JuliaGraphs / GraphIO.jl

Graph IO functionality for various formats.
Other
61 stars 28 forks source link

WIP: GraphML MetaGraph support #49

Closed filchristou closed 1 year ago

filchristou commented 2 years ago

as mentioned in #47. This PR enables support for MetaGraphs in GraphML format. It follows the paradigm of http://graphml.graphdrawing.org/ to define attributes in the graph. The following features are supported:

  1. the key/data extension mechanism
  2. default values for keys
  3. loading/saving graphs or Dict of graphs

Although it's functional, I marked it as WIP because I haven't really thought too much about performance and type-stability and more importantly I think some discussion is needed in advance.

Caveats

  1. It introduces a dependency to MetaGraphs
  2. The implementation is done using XPath and DOM and not the EzXML.StreamReader for the reason that there needs to be some memory on the parser in order to remember whose are the properties read
  3. The current API is accesible only from GraphIO.GraphML and not from Graphs. The reason is that now the developer needs also to mention the desired graph type s/he wishes to parse (in this case ::MGFormat).

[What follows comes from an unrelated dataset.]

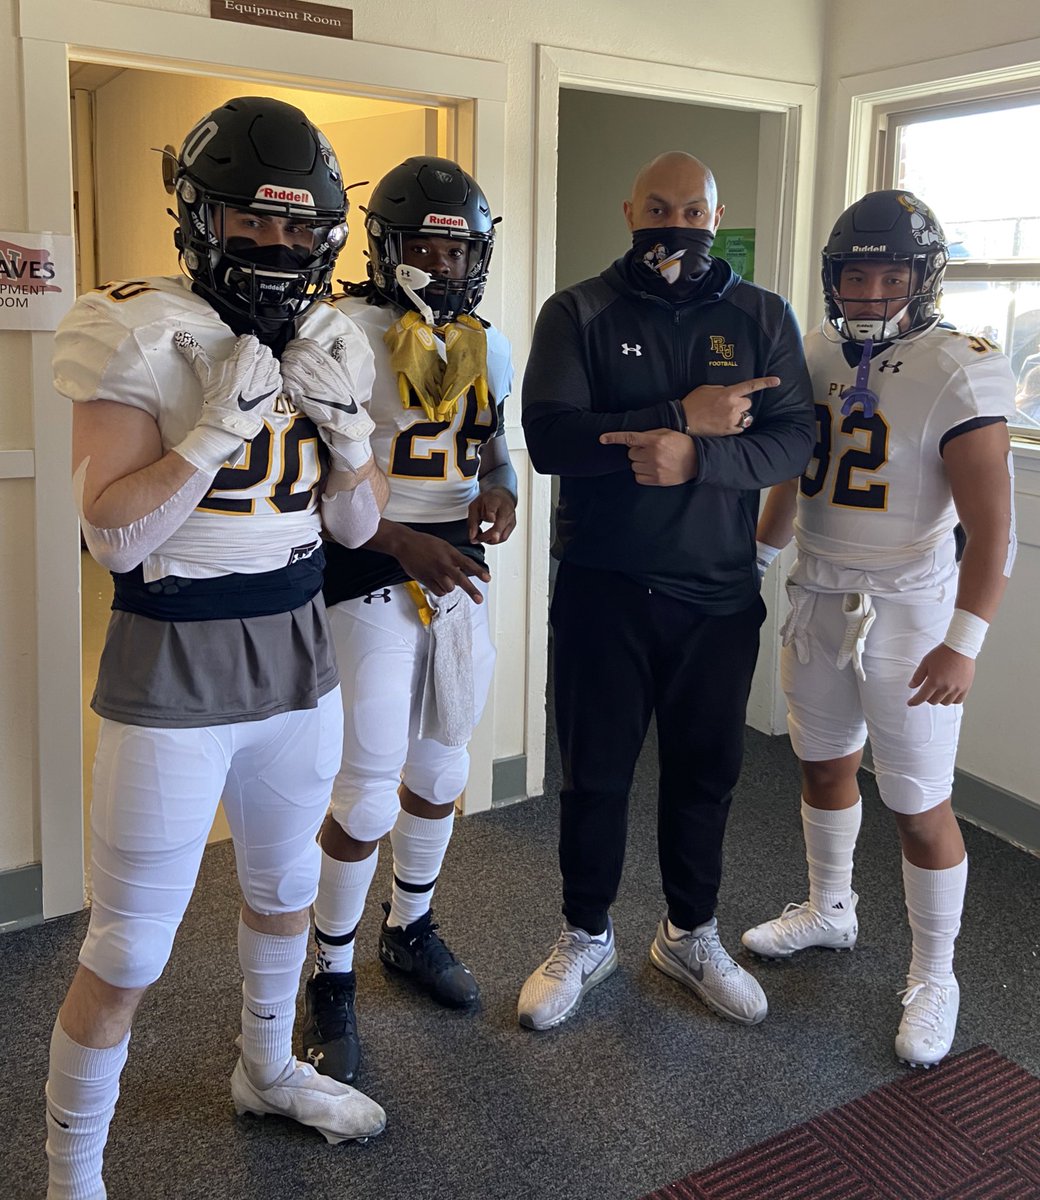 It’s been a great ride with these 2 senior Running Backs, Cody & Malik. Proud of their productivity in the mist of Covid-19 which truly changed the direction of their last season as Lutes. It’s be a pleasure servicing you as your Coach. #AllFuel #MoveTheCrowd #GoLutes

Discussion I know that currently there is some confusion with the architecture choices of GraphIO.jl. For example there is the problem with require as in #42. I think it's important to find a solution, in order to really take advantage of future contributions.

Regarding graph IO parsing, I see 2 cases:

  1. what file format is used
  2. what graph type must be retrieved

Up until now the 2. was not supported but it is necessary for e.g. parsing MetaGraphs. To support 2. I just added one argument to the loadgraph (which makes it inaccessible just from Graphs.jl) So, we probably also need to add this definition in Graphs.jl. (offtopic)- Wouldn't it make sense to move all the graph IO code from Graphs.jl to GraphIO.jl ?

Personally, I find it unsustainable to put everything in one package. We can't possibly support all graph types, since this will unnecessary grow the dependencies. Starting with MetaGraphs, I find it better to have it in a separate package.

For example I could put the code into something like MetaGraphsIO.jl. And probably we would need to mimic GraphIO.jl and inside the hypothetical MetaGraphsIO support all type formats (GraphML, GML, DOT, etc.). (ofc I am not sure if all type formats support additional attributes like GraphML does, so probably it will be a subset)

Plans In future work I want to include also nested graphs support for GraphML with a custom nested graph type that is still not public. Also, since GraphML attributes are type-secure, this makes it a good fit for MetaGraphsNext which I will also try to support in the future. This means that I could end up creating MyWeirdNestedGraphIO.jl and MetaGraphsNextIO.jl Before I move to it, I would really appreciate some discussion and advices. That said, I think we need to build the infrastructure to welcome future work in this direction.

Sorry for the long text :)

simonschoelly commented 2 years ago

I really have not looked much into it, but instead of creating a separate package called MetaGraphsIO.jl we could also move the functionality here to MetaGraphs.jl. Or maybe this adds to many heavy dependencies into MetaGraphs.jl

Another way would be to use Requires.jl, either here or on MetaGraphs.jl to only load this code, when both packages are used - this has some other downsides of course, it probably makes versioning more complicated, and leads to less precompiled code.

filchristou commented 2 years ago

Another way would be to use Requires.jl,

I though that currently we were searching for ways to get rid of @require. Personally I find it counter-intuitive to do using EzXML in order to have GraphML support. Ofc it would be much more intuitive to do using MetaGraphs to get support for MetaGraphsIO..

Putting MetaGraphsIO functionality inside GraphIO.jl means that maybe future contributions for supporting niche graph types will come. Are we willing to support inside GraphIO.jl all possible graph types that may appear?

we could also move the functionality here to MetaGraphs.jl

I think this scales better but then the question is why does GraphIO.jl even exist in the first place ? With the same mindset it could then just be part of Graphs.jl or SimpleGraphs.jl etc.

I think it will be the most modular solution to have MetaGraphsIO in a separate package. MetaGraphsIO.jl would implement the interfaces defined in GraphIO.jl and would possibly use some tooling from there also. In case we want to leverage MetaGraphsIO.jl from GraphIO.jl we could do in GraphIO.jl something like:

function __init__()
  @require MetaGraphs="...." @reexport MetaGraphsIO
end

MetaGraphsIO.jl would then be a well defined dependency and if I think this correctly even precompiled (not sure ?).

filchristou commented 1 year ago

this functionality is transferred in NestedGraphsIO.jl. NestedGraphsIO.jl is still an unregistred package because #51 is pending.